• [Aim of the exercise] Only lines holding the word "Glass" are wanted. Copy them from the listing below.

• [Data section]
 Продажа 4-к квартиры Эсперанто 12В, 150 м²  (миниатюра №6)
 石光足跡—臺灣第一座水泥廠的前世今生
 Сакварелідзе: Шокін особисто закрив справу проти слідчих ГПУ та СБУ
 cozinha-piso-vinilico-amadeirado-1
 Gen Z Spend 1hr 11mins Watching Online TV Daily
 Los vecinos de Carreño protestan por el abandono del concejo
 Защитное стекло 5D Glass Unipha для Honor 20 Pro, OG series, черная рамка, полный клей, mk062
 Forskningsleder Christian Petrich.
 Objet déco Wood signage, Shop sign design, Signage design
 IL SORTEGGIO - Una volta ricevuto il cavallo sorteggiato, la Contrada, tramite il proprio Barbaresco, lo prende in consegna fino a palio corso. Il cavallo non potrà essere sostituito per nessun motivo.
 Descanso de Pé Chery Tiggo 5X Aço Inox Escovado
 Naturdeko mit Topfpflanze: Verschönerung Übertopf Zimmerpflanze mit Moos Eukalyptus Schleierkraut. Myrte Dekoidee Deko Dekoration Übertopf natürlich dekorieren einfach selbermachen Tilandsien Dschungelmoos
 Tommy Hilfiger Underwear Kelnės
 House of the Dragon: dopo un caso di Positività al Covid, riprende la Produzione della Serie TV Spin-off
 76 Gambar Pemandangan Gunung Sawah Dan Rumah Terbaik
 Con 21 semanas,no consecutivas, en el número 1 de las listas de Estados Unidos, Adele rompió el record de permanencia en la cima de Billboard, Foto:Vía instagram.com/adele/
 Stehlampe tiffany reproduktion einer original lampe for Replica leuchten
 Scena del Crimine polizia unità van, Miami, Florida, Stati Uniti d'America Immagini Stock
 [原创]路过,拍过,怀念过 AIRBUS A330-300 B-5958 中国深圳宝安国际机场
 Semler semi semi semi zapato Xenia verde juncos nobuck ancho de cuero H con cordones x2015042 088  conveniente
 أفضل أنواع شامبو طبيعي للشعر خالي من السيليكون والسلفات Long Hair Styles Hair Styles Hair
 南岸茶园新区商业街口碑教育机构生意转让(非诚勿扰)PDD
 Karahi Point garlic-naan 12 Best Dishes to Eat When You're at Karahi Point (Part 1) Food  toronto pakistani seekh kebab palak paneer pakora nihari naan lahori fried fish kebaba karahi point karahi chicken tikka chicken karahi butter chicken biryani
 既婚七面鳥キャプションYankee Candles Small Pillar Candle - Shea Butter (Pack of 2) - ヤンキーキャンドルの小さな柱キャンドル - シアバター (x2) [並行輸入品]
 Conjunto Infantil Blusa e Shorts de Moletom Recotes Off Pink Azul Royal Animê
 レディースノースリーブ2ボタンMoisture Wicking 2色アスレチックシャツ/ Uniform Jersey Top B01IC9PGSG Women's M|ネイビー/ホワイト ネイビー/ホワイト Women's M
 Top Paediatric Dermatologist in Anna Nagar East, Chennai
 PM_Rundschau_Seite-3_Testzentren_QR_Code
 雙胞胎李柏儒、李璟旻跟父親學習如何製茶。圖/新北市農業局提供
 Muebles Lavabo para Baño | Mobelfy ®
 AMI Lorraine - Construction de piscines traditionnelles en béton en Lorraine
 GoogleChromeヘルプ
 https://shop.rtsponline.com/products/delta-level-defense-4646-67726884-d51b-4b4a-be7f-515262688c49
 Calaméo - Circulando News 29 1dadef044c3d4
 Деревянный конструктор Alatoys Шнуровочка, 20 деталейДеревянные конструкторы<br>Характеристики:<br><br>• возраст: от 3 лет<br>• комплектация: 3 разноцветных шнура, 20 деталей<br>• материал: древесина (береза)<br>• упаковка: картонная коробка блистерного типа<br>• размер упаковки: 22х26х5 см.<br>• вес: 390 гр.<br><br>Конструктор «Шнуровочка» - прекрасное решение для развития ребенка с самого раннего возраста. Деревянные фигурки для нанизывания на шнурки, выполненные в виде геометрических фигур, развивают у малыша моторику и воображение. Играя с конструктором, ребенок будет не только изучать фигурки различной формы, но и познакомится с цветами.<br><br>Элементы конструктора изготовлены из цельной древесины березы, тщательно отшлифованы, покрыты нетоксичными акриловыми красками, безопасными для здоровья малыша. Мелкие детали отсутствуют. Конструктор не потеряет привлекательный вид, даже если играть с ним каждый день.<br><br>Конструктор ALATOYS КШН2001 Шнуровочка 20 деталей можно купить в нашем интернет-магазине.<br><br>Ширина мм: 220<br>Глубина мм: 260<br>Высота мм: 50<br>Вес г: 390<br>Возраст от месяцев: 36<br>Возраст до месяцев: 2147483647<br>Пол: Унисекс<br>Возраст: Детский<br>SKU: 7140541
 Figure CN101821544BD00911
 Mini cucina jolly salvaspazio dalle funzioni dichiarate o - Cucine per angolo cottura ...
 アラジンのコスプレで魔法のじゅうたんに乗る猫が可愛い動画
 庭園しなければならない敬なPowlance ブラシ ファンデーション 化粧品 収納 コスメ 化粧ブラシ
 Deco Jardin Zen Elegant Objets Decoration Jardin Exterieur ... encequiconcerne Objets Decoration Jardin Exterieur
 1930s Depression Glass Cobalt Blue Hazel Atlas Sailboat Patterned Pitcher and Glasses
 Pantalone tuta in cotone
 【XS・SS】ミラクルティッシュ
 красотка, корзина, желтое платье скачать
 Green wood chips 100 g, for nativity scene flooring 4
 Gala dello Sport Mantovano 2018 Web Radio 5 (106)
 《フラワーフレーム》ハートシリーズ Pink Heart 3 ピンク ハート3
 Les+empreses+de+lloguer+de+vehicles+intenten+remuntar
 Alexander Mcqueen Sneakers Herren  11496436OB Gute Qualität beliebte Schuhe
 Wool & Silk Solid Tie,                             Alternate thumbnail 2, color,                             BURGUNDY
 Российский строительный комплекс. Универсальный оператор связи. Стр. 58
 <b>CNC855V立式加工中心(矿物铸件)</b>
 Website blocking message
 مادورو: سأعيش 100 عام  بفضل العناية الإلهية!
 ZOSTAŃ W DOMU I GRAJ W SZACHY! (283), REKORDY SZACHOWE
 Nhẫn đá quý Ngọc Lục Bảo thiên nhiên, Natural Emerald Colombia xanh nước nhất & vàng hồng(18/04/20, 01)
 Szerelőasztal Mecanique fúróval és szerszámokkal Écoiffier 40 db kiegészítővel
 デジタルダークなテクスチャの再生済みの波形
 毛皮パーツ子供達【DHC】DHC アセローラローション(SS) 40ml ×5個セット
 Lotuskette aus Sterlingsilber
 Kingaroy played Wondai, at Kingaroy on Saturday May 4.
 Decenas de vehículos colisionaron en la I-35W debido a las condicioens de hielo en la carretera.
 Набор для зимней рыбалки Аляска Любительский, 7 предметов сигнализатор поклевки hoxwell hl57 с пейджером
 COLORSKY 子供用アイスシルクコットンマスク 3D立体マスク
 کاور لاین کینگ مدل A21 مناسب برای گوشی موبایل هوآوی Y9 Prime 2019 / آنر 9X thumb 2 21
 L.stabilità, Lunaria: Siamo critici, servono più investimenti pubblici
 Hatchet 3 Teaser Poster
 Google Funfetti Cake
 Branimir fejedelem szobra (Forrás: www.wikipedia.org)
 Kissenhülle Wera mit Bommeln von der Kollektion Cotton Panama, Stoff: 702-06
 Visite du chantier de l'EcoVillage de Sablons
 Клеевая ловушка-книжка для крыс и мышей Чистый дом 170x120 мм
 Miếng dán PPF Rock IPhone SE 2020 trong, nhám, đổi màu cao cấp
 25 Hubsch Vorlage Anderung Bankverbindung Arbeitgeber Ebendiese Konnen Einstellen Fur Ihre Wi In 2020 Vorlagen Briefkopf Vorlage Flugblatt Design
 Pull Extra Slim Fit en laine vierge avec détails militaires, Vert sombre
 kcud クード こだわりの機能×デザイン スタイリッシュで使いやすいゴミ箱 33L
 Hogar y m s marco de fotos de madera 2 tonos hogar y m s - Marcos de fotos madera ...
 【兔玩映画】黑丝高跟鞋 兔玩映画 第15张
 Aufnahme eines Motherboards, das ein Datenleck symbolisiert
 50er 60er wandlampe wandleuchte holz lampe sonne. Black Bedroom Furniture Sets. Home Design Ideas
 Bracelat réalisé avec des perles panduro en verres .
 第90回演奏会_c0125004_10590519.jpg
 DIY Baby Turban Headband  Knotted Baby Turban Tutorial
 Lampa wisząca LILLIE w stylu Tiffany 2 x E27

• [Output of the exercise]
 Защитное стекло 5D Glass Unipha для Honor 20 Pro, OG series, черная рамка, полный клей, mk062
 1930s Depression Glass Cobalt Blue Hazel Atlas Sailboat Patterned Pitcher and Glasses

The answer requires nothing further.